Last Tuesday, December 20th, marked the 12th anniversary of the shooting death of Louis D. Brown. His moms, Tina Chery, has since found solace by founding the Louis D. Brown Peace Institute, an organization devoted to comforting and counseling the surviving victims and families of violence and working to prevent such crimes as youth gun violence. Ms Chery, along with a (unfortunately) growing legion of other mothers who have had to bury their children provide me with comfort. I've only met her this year and I'm mad (at myself) that I had not met her sooner. It is a noble cause but very emotional and some shT just ain't right. These women, mothers, daughters, grandmothers, and the men too - put in countless hours and sleepless night comforting families wounded by the battle scars of urban realities. Without time for convoluted commentary of complexities of the street's lure and existence, their plight goes largely unnoticed. But these are our heroes. Eighteen days after Louis was killed, my sisters and I witnessed the murder of a 21-year-old on our block while we were on our way to Wendy's for dinner.
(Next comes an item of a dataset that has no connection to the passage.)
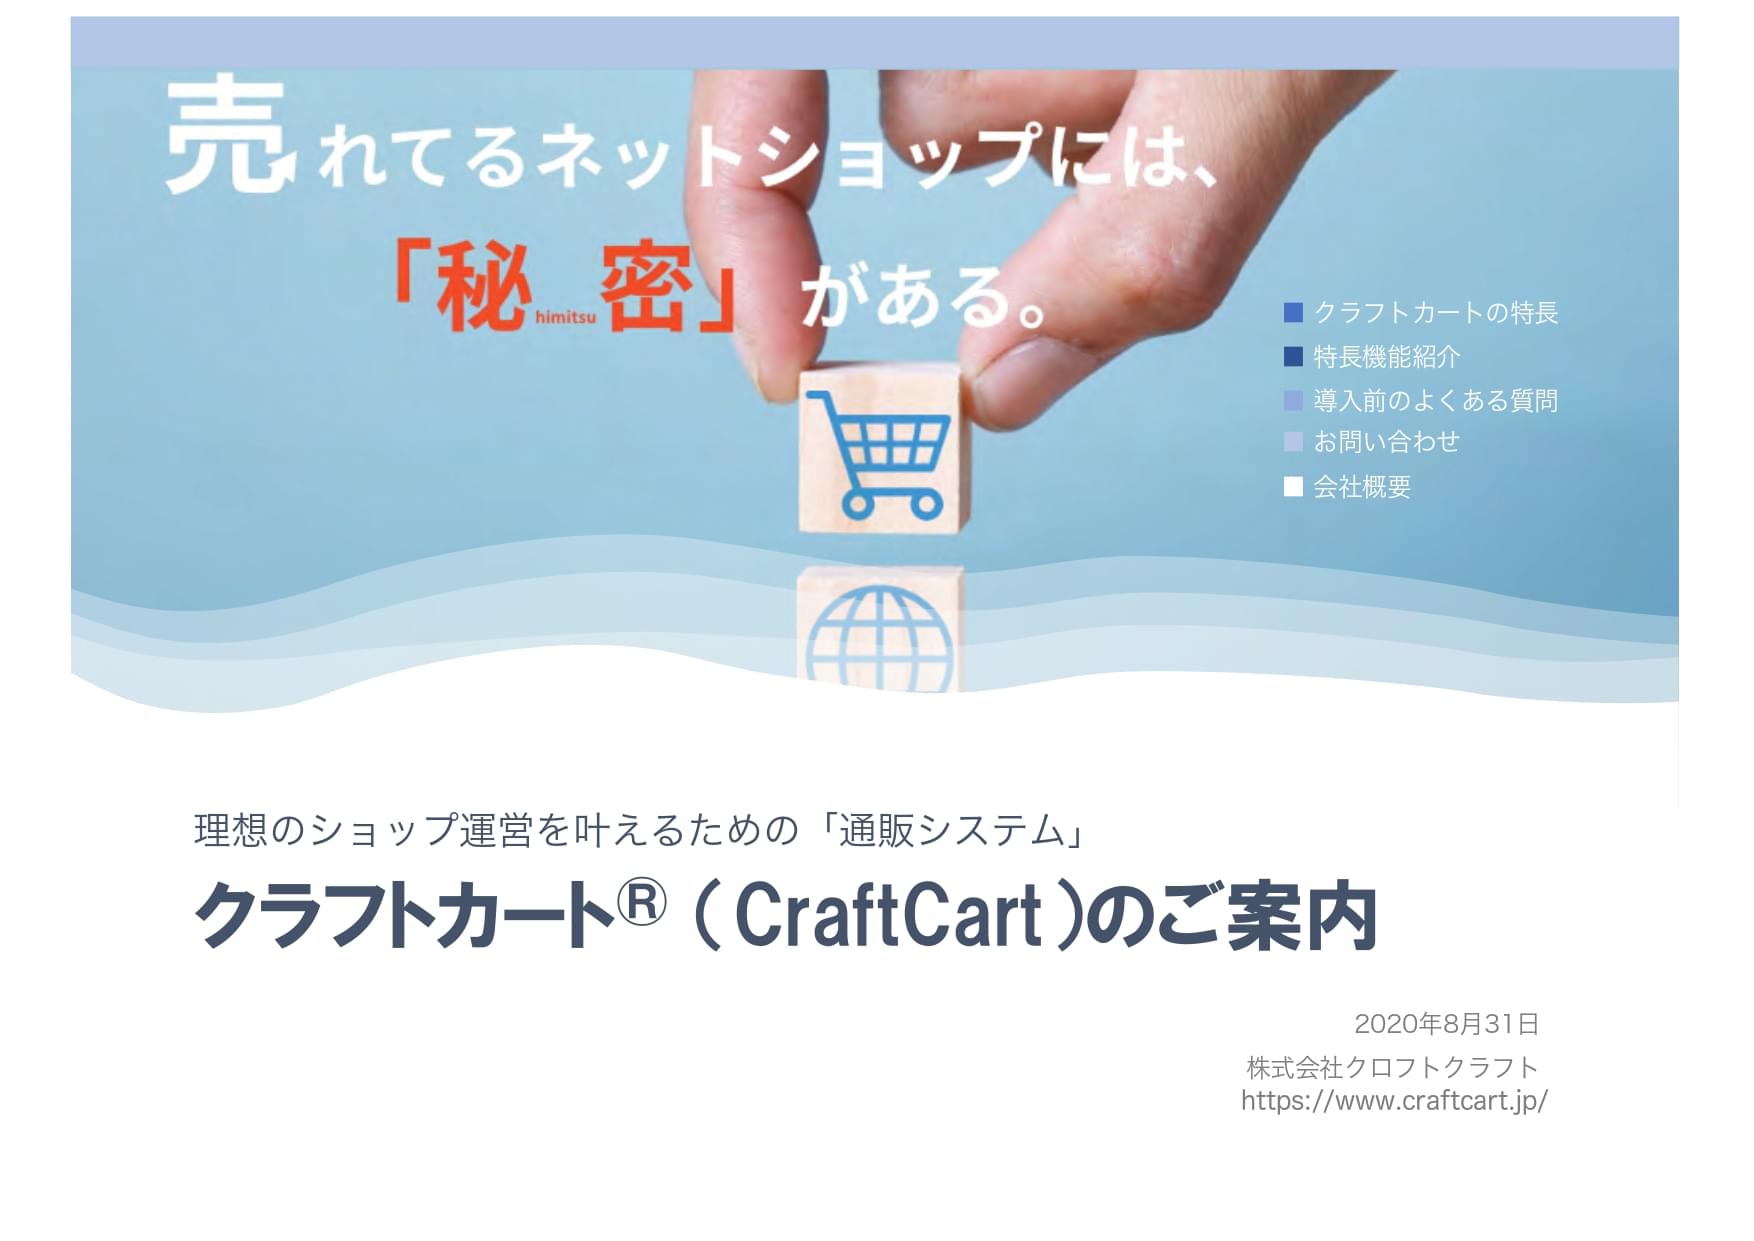 CraftCart

Herbert Louis Frazier, Jr. was shot in the head by his former homeboy over some shT no one still doesn't know to this day. But it's shT like that make you hang your head in shame. I'm not even from Boston, but the concrete jungle can truly be as cold as ice, when on a crisp January morning, you could be walking to school and that night someone is laying on their back as a stream of blood trickles across the sidewalk you walk along every day eight doors down from your crib.
brothers just don't know
how shit got to go
cuz I was told
to never give my back to the street
as I walk through the ghetto
dead souls I greet
Some people have life moments that never leave their mental imagery. This is one of mine. I grew up decently. No big money spenders or earners, but we got by. Food coupons got quietly incorporated into the cash flow like half of the neighborhood, but some true, true street shT was never the goal for any of us. Not even the ones from the crime families or with cousins or odler brothers head and shoulders in the game. It - life - was supposed to be on some simple shT like that Ghostface joint. Some would go on to college , some would go on to a 2-year joint, some would be lead astray, but to just completely fall apart? That's not how it was supposed to go down, B. At the vigil on this past Wednesay, I heard form several people, including two fellas who recently lost their peoples to violence. One kid's cousin was merc'd on Thanksgiving and played a moving piano piece, although he claimed to never have touched a piano before in his life. The other cat was a fellow group member of the Graveside, the group of which three of last week's four shootign victimes we also members. His words were unscripted but eloquent nonetheless. You could feel the pain in his heart. The worry in his bassline. The body shock that shook his existence. It is ok for a grown man to cry. It is his right.
see my man give him pound
then I walk with a frown
another minute
another brother's gunned down
-quotes from Li'l Dap, "I'm The Man"
I look back and wonder what the hell possessed me to travel for hours to school all those years when all I really wanted was to get home early enough to enjoy the rest of the daytime like everyone else. But of course, like Nas said, "nighttime is more trife than ever." So this Christmas, I'll enjoy my hours of solitude away from the peoples (the fam) and reflect on all of life's intricacies that I have blessed to enjoy and bask in the glory that has allowed me to keep breathing. Some people look with bewildered amazement when brothers my age say they are excited to have made it past the age of twenty-one. And in my case, I know I am not an exception, because there a lot of us doing our thing out there, but the fact that there's so much more work still to do is a burden that we bear solely. For brothers that get caught up too early. For brothers who lose their way. For the ones led astray. For those who get the experience of waking up on the morning on their 21st birthday. It's a shame that this is even my subject, but it is life, and alas, it is what you make it. But like my man M-1 said, "my environment made me the n!Gga I am." When we pour out a little something out for soldiers dead and gone, it's not only for those who died for their sins. But for those caught up in the cross-fire. Caught up in the streets. Caught up in moving too fast instead of going with the flow and enjoying their youth. So on this holiday season, I'll try to shake loose the mental imagery of bodies that I've seen slumped lifelessly on city streets, sidewalks, and parking lots and pray for a better existence in 2006. It's a stone's throw, but somebody's gotta fling it, nahmean. Stay Up. Say Word.